DerAndereJohannes commented 10 months ago

The requests are immediate and can of course be done in async / on a separate thread. There is no need to be overly conservative on sending requests ( of course do not ddos ;-) ). Here are some thoughts on other aspects:

On the server we already have 3 calendar channels; they are in the year1/2/3 categories. They can be made read-only and be restructured into this bot-managed system. The bot can edit it's own messages in these channels.

This sounds like the most logical use for this issue.

... check for diff, ...

Diff checking might just be superfluous if you just generate the whole message again from the new data and update the message accordingly (unless you want to also create a new message pinging the cohort about the change which might be nice)

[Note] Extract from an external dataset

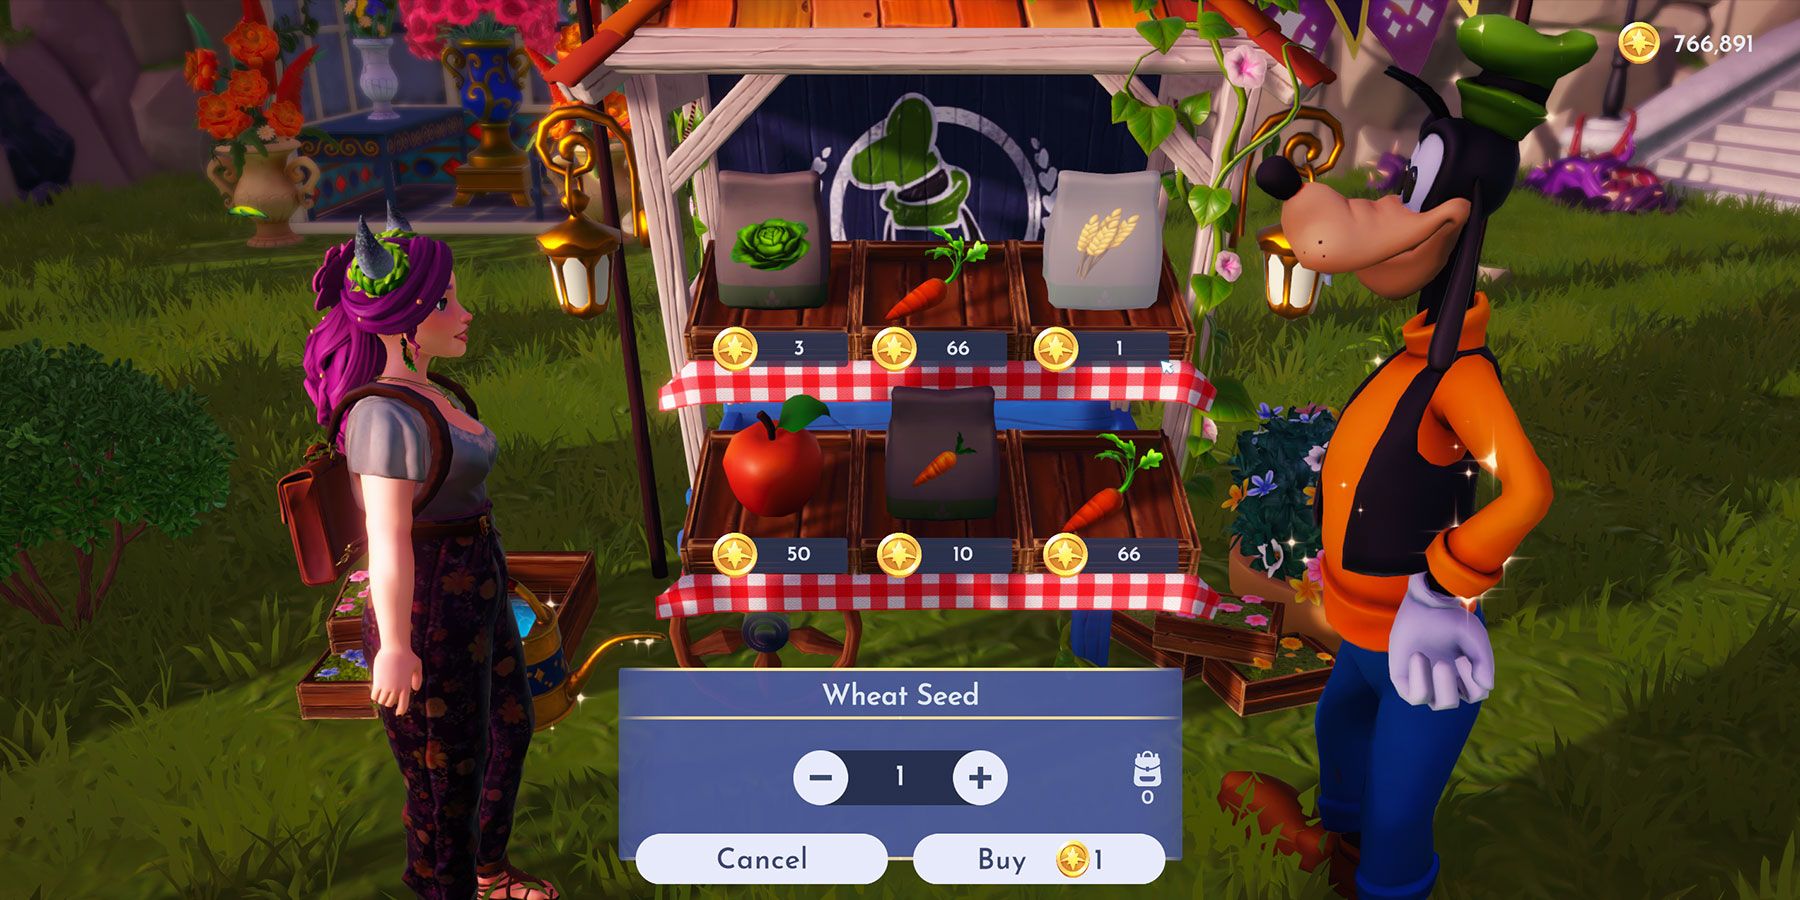 Purchase wheat seeds from Goofy's stand in Disney's Dreamlight Valley.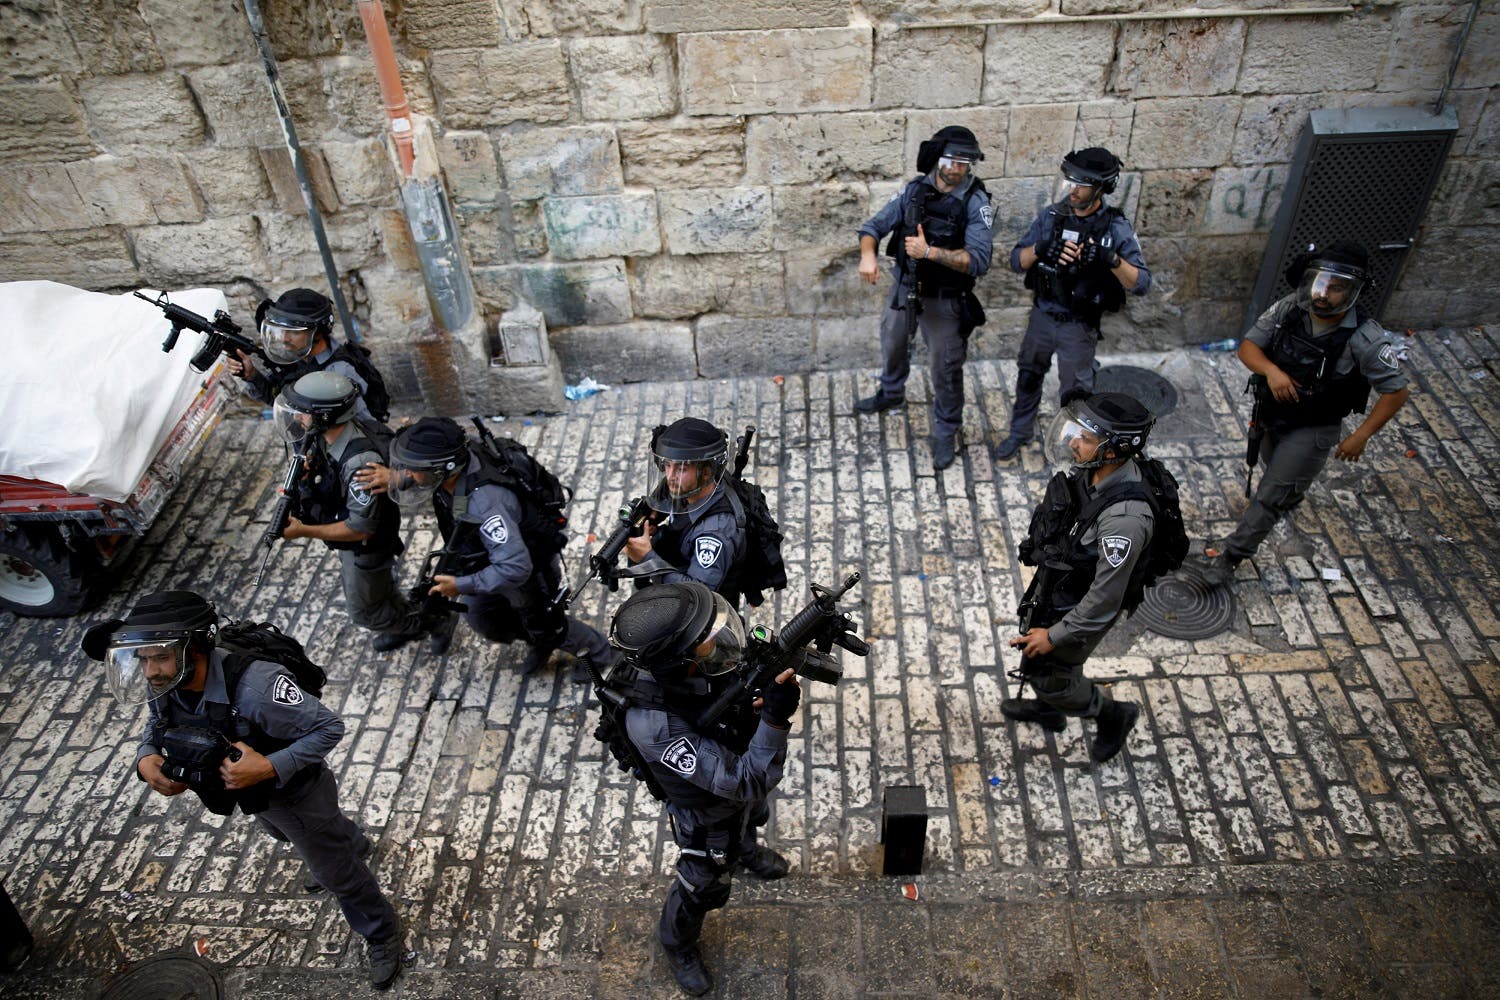 Israeli policemen guard a street at Jerusalem’s Old city outside the Noble Sanctuary compound, after Israel removed all security measures it had installed at the compound on July 27, 2017. (Reuters)

This feature is a new and fully independent feature, not related to the already present /calendar command. The current implementation of the /calendar command works more like a TODO list of exams/quizes/homeworks.

We should leave the /calendar command alone and let it stay simple

Question: Through these curl requests, were you able to bypass authentication?

The requests do not bypass authentication but include the negotiation for authentication. I somehow thought that this would be a manual process since the login procedure is so strange, but it ended up not being an issue.

Here is a suggested implementation that incorporates your ideas with many additional questions:

  1. Start a separate scheduling thread (using schedule maybe? Using cron would require cron as an os dependency which could be a bit awkward esp. with developers not on *nix.. how does WSL handle it?)
  2. Maybe at 7am - 5pm do refreshes hourly (How often does a lesson change occur?)
  3. Store the most recent json file in case the bot restarts and it can (We could also reformat the data from calendar into a class and export encode that) -> We could also store all of the refreshes so we could do some data analysis ;-) 1 day per file
  4. On refresh, take into account all the changes and update the message and ping the cohort if there has been a change

Let me know if I missed anything

PedroS235 commented 10 months ago

Start a separate scheduling thread (using schedule maybe? Using cron would require cron as an os dependency which could be a bit awkward esp. with developers not on *nix.. how does WSL handle it?)

There is no need for this. nextcord already has these tasks api, which serves as cron. You can set the interval at which a function gets called.

Maybe at 7am - 5pm do refreshes hourly (How often does a lesson change occur?)

Not sure if that is really needed. I think just a request per day is enough in the morning. I have personally never got a day where in the middle it has changed suddenly.

DerAndereJohannes commented 10 months ago

Ah awesome. That makes things quite a bit easier then. Thanks for the extra info, ill go write something and get back to you.